Bank Pomocy Super Expressu

2010-07-12 4:00

W każdy poniedziałek w naszym Banku Pomocy zamieszczamy fragmenty listów ludzi bezradnych i zrozpaczonych. Mamy nadzieję, że te rozpaczliwe listy nie pozostaną bez odpowiedzi. Anonse opatrzone są numerami, na które należy powoływać się w korespondencji. Informacje można też otrzymać pod nr. tel. (22) 515-94-04.

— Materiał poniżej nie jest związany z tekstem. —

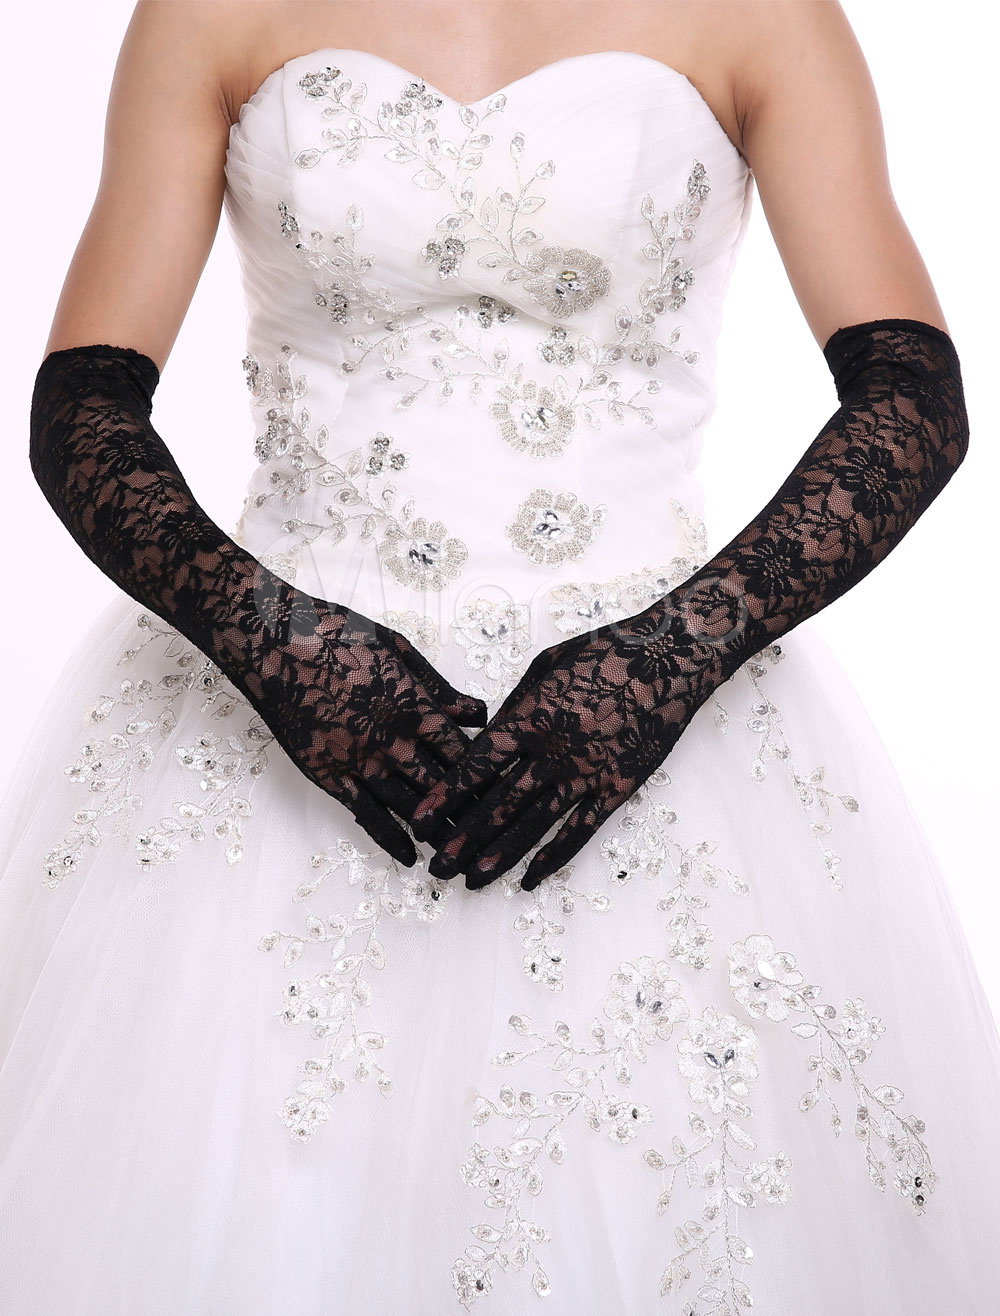 Hosszú, csipke menyasszonyi kesztyű - fekete és fehér színben (A Ft ár tájékoztató jellegű)

Dolnośląskie (2826). Sama wychowuję niepełnosprawnego 9-letniego syna i 18-letnią córkę, która jeszcze się uczy. Syn ma indywidualny tok nauki ze względu na stan zdrowia. Jestem osobą bezrobotną, szukam pracy, ale jak na razie bez żadnego efektu. Nasz stały dochód to niewielkie alimenty i zasiłki z opieki społecznej. Mieszkamy w małym wynajętym mieszkaniu. Po opłaceniu mieszkania zostają nam dosłownie grosze. Brakuje nam wszystkiego, najbardziej żywności, odzieży i butów. Będziemy wdzięczni za każdą okazaną nam pomoc, za którą z góry bardzo dziękujemy.

None

Wielkopolskie (2827). Jestem wdową, osobą niepełnosprawną od urodzenia i bardzo schorowaną. Utrzymuję się z emerytury, która wynosi 650 zł. Pieniądze te ledwie wystarczają na życie, a za co kupić leki, bez których nie mogłabym funkcjonować? O żadnej pracy dodatkowej nie ma mowy, zdrowie mi na to nie pozwala. Bardzo proszę Państwa o jakąkolwiek pomoc.